Your instructions:
Instruction for the entries below: return the part that opens with the line containing "Rwanda-DRC : jeshi" and closes with the line containing "4 in 1 Hair Dryer Brush - HS-729", exactly, and no pictures.

The data:
:::

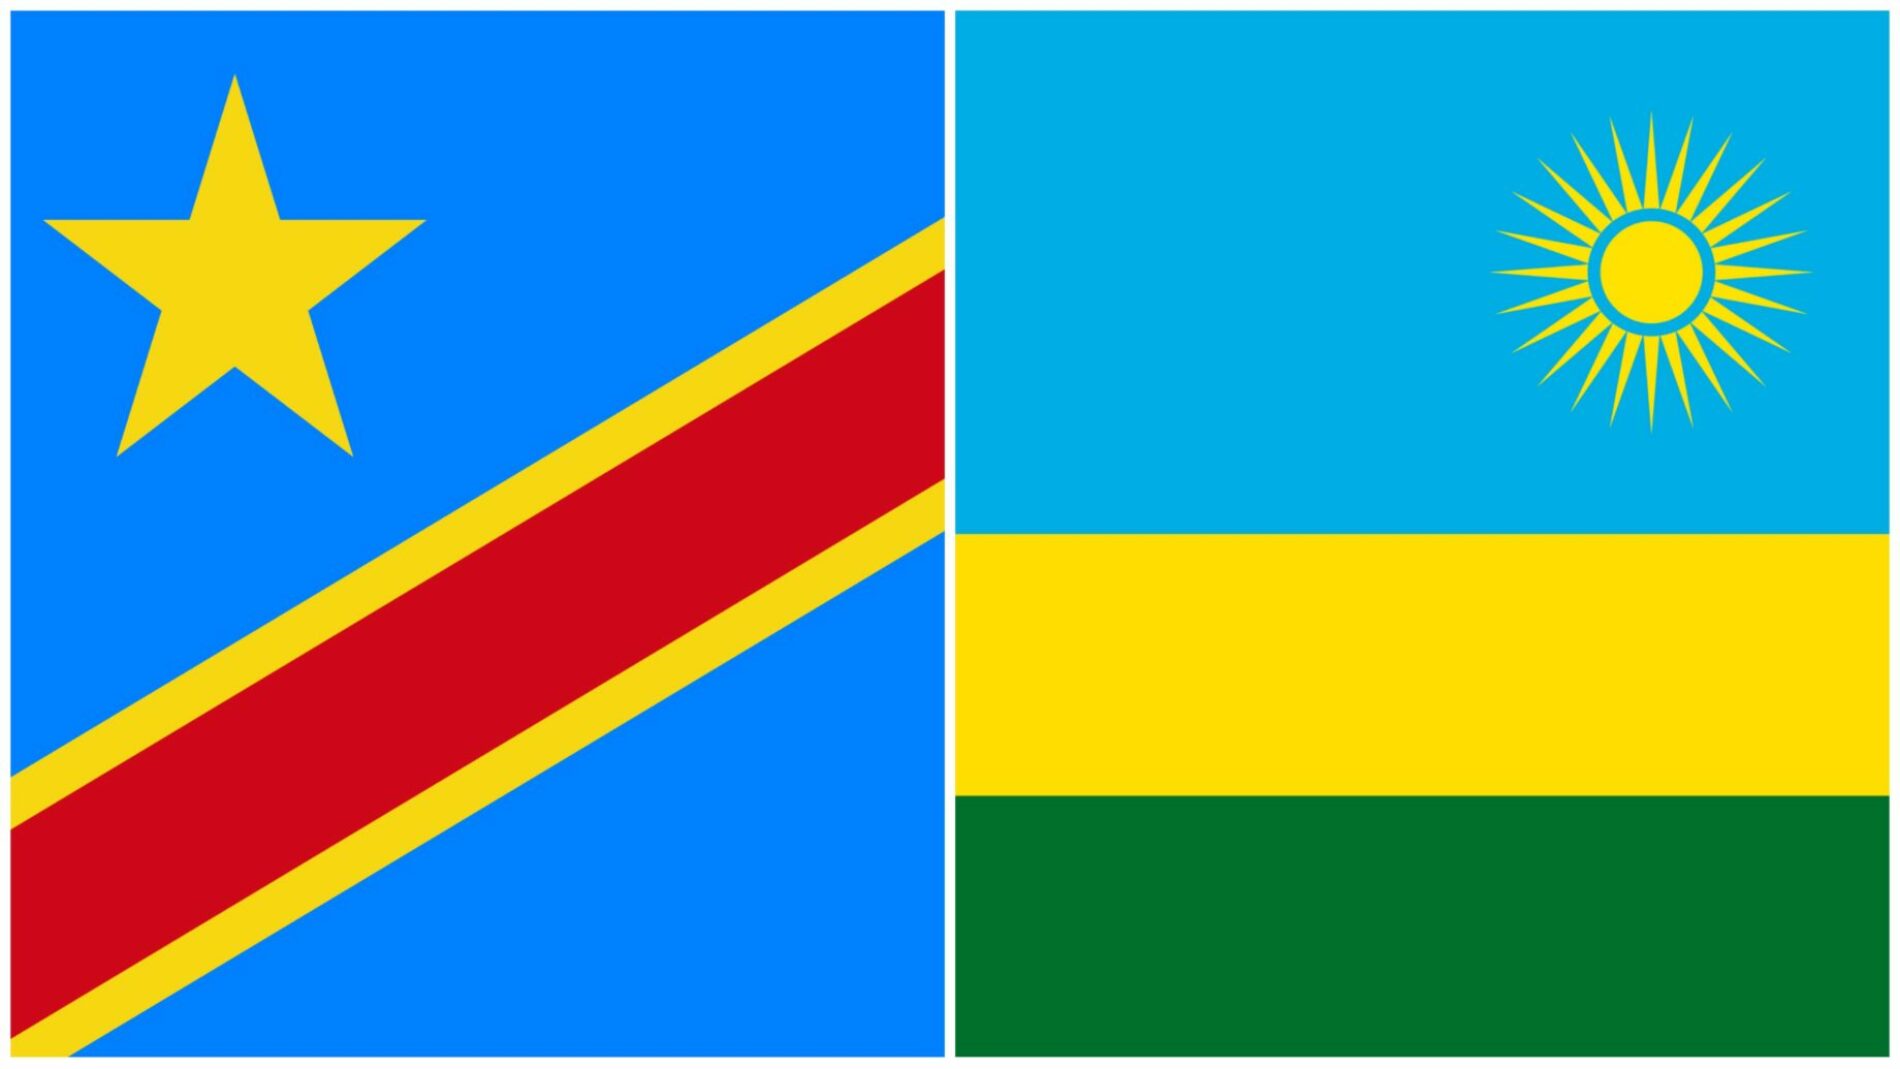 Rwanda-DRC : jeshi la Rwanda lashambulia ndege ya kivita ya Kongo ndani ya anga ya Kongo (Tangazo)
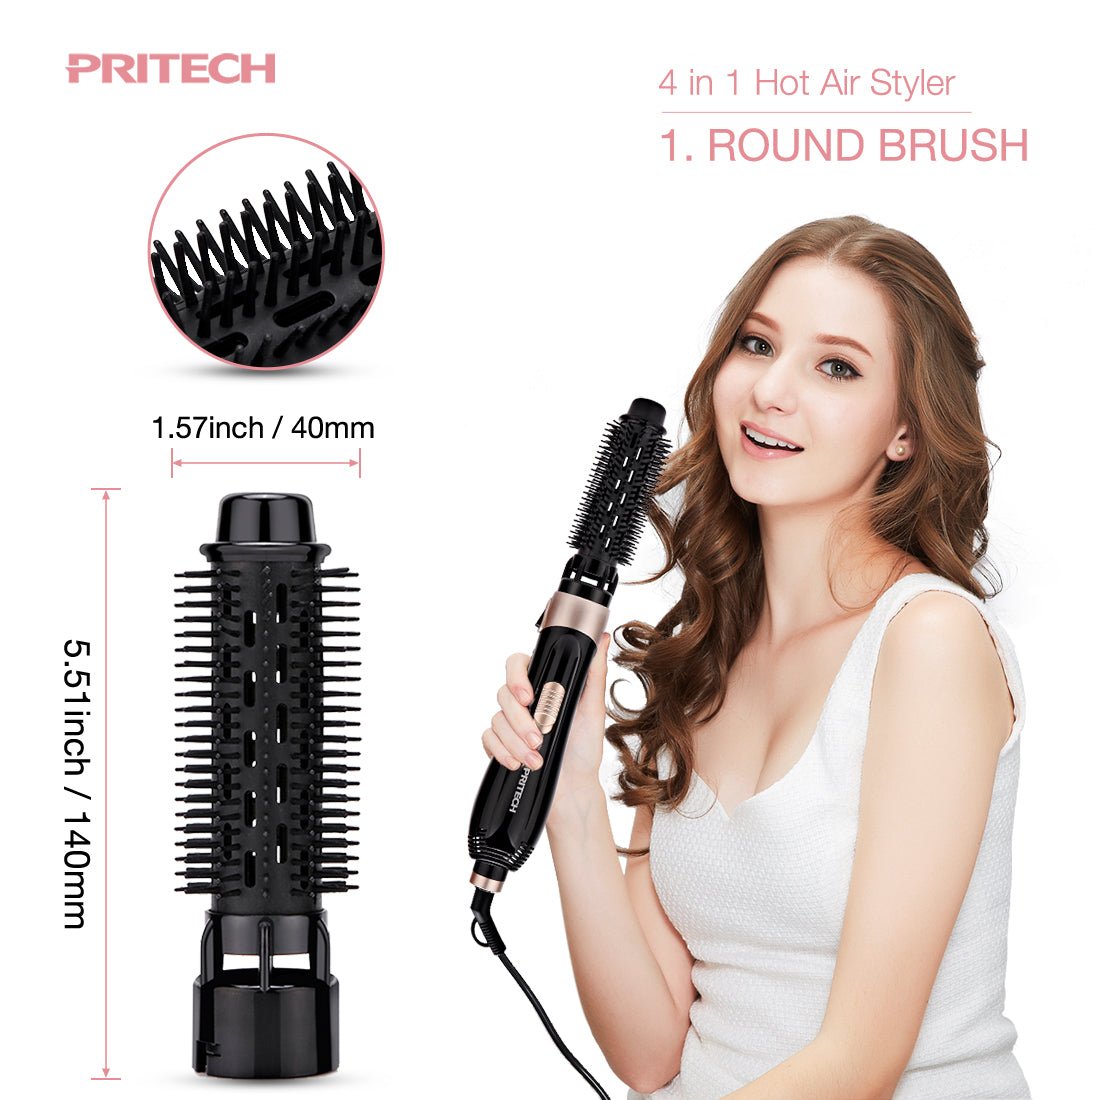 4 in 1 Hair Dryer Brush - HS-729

:::

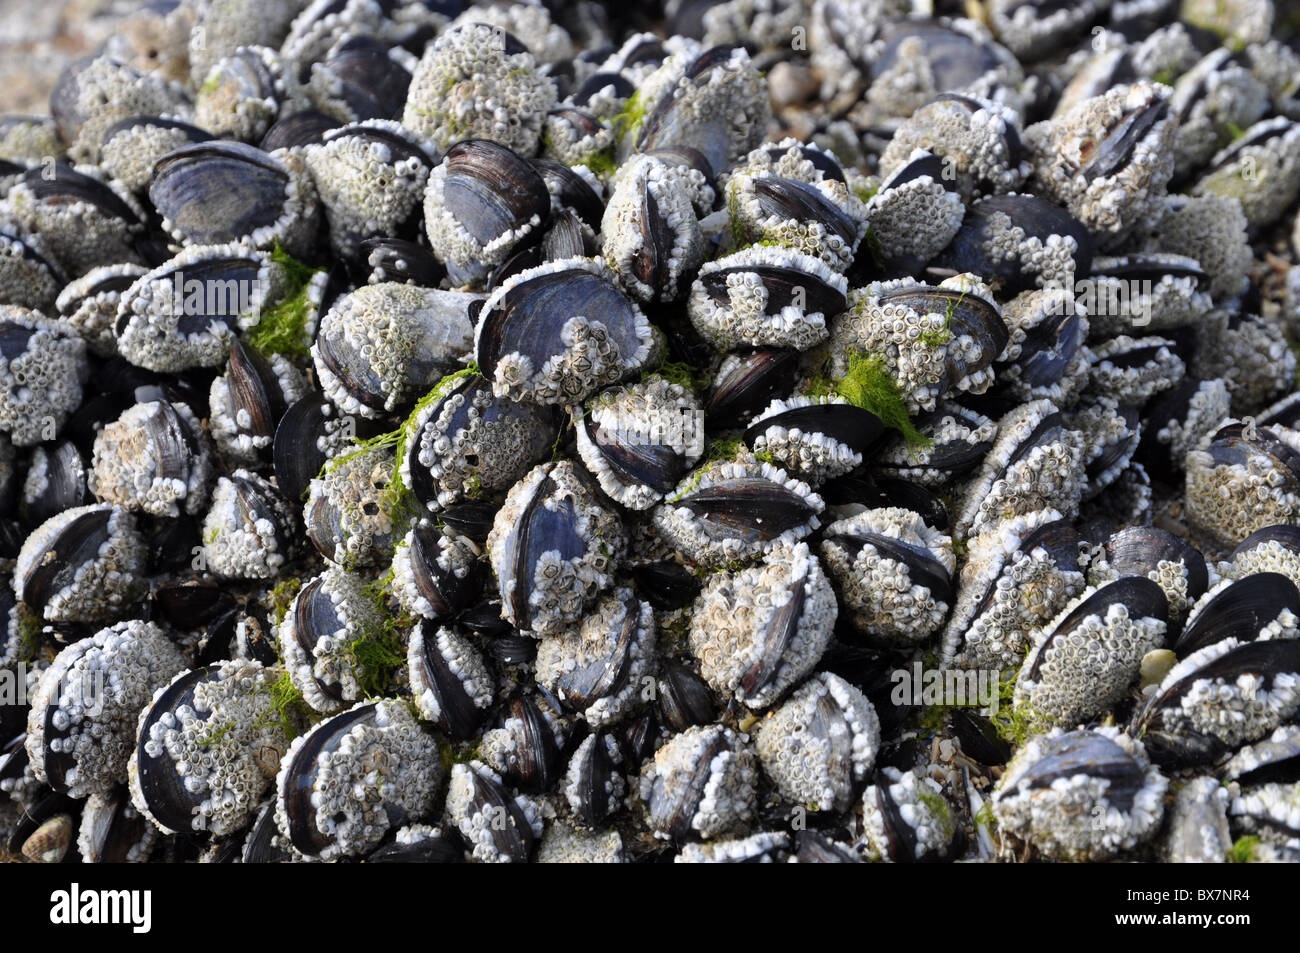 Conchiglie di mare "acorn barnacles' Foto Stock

:::

Response to this exercise:
 Rwanda-DRC : jeshi la Rwanda lashambulia ndege ya kivita ya Kongo ndani ya anga ya Kongo (Tangazo)
 4 in 1 Hair Dryer Brush - HS-729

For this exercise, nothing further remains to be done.